Part 4 of 6 - How to Begin and Lead an Enterprise-wide Lean Transformation: Your Management System
October 30th, 2006 - by Mark EdmondsonBelow is an excerpt from an actual email (with names and company specifics removed) in reply to an inquiry by the president of a Fortune 500 company. She was newly appointed as the executive sponsor for her division’s “Lean Enterprise Transformation”, and asked us: “What’s critical for the success of our transformation?”
4. Look at your own management system. Just as your product value streams require brilliant processes to deliver value, your management team also requires a brilliant management process to lead effectively. Have a well defined performance management system in place so you can effectively lead and track your transformation. Here’s some questions to ask yourself about your management process:
a. Quick, where does your team stand with your three most important business objectives?

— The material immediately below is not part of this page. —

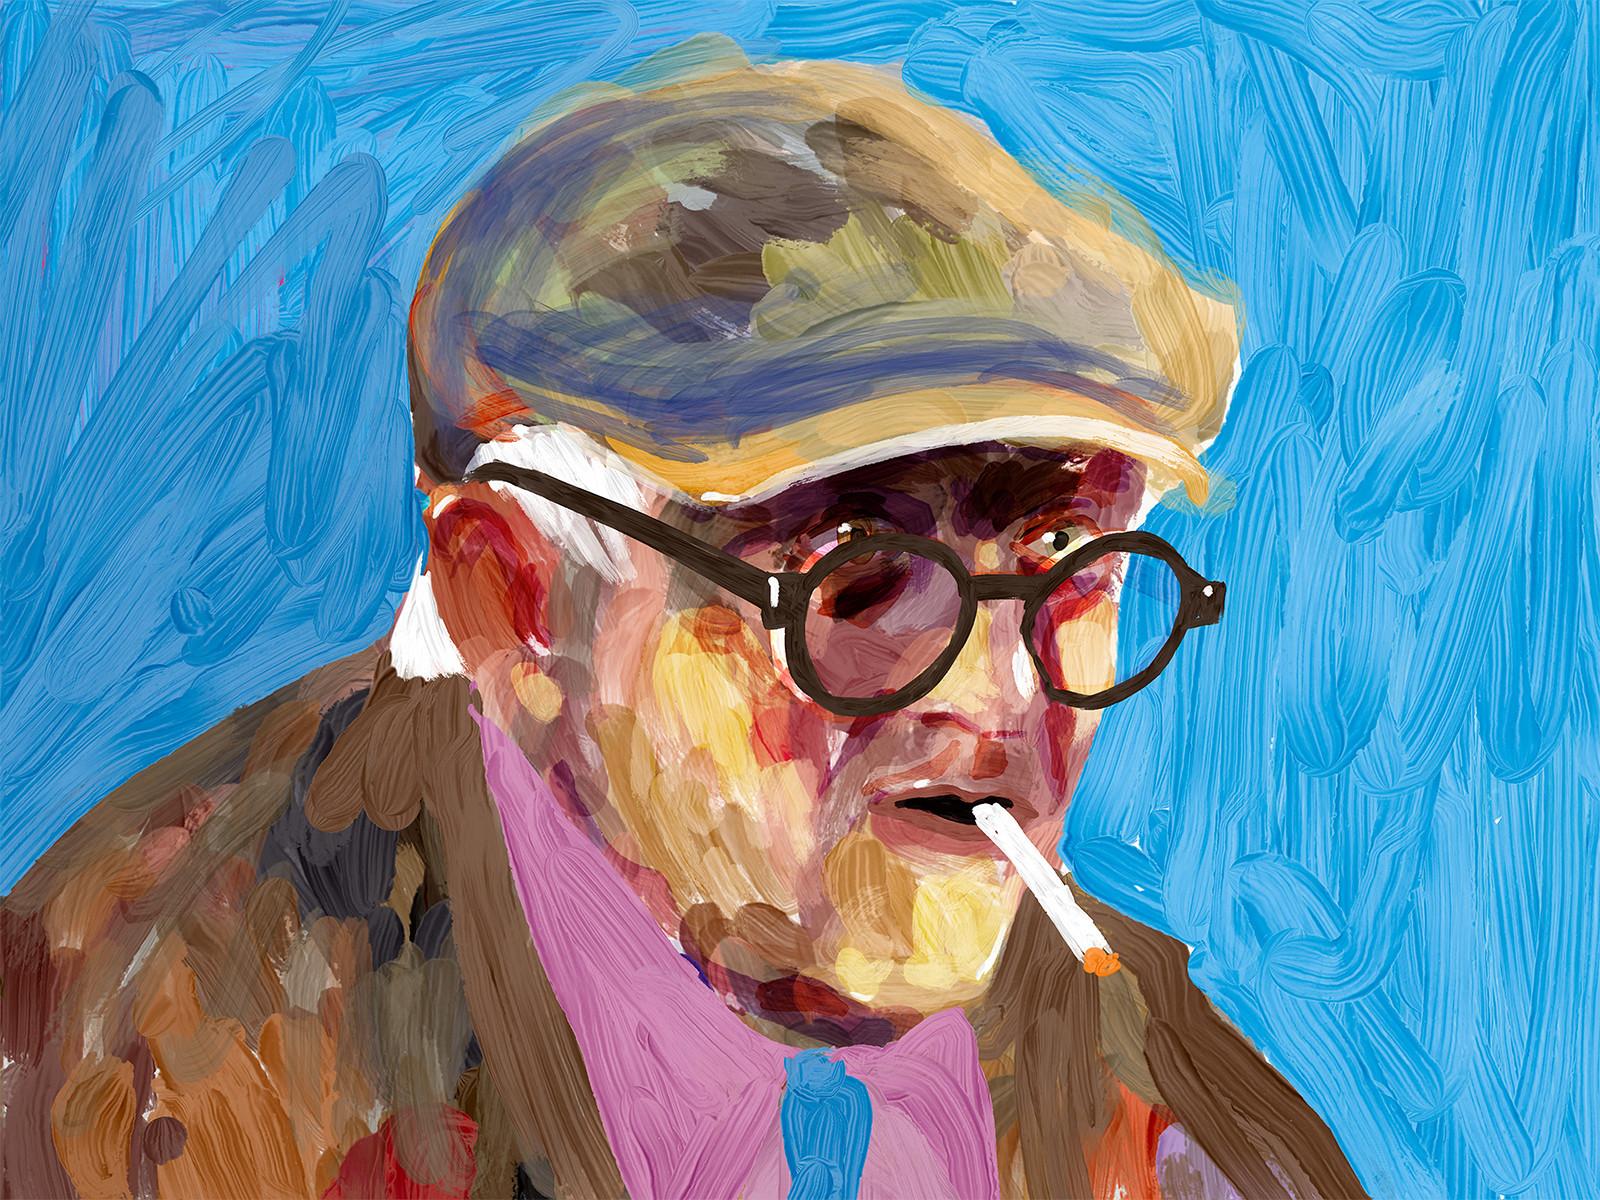 The Yorkshire Artist

b. Does every individual on your team know what’s required of them today, this week, this month, this quarter and this year to achieve these objectives?
c. Do you have a process that links and tracks individual activities to your objectives to ensure your team will succeed?
d. Does your team know on a continuous basis if they are ahead, behind or on schedule?
You don’t need a complex and expensive software solution. A simple A3 based performance management process is a quick yet effective way to get started.
Insight, opinion and commentary for the leaders of Lean Enterprise Transformation from some of the world's leading experts.







November 1st, 2006 at 9:50 am
We use these and they are very effective. At the business and next level (operations, engineering, commercial) are done monthly which in turn are fed weekly from the line managers. In parallel the Strategy deployment, which monitors YTD performance of CSF’s/KPI’s and main actions are also A3’d and reported monthly. Also each line management A3 has a summary table from the associated and relevant strategy deployment projects. The line management A3s are posted for the workforce to see.
I would recommend that you ignore any commercial software and just get one of your employees (who is good with excel) to set up a series of these A3’s, the real benefit comes from your regular weekly meetings with the line managers and then start root causing and bottoming issues, just start with one per week. As confidence grows you can then start to drop the time between these meetings, a good way to help drive Lean.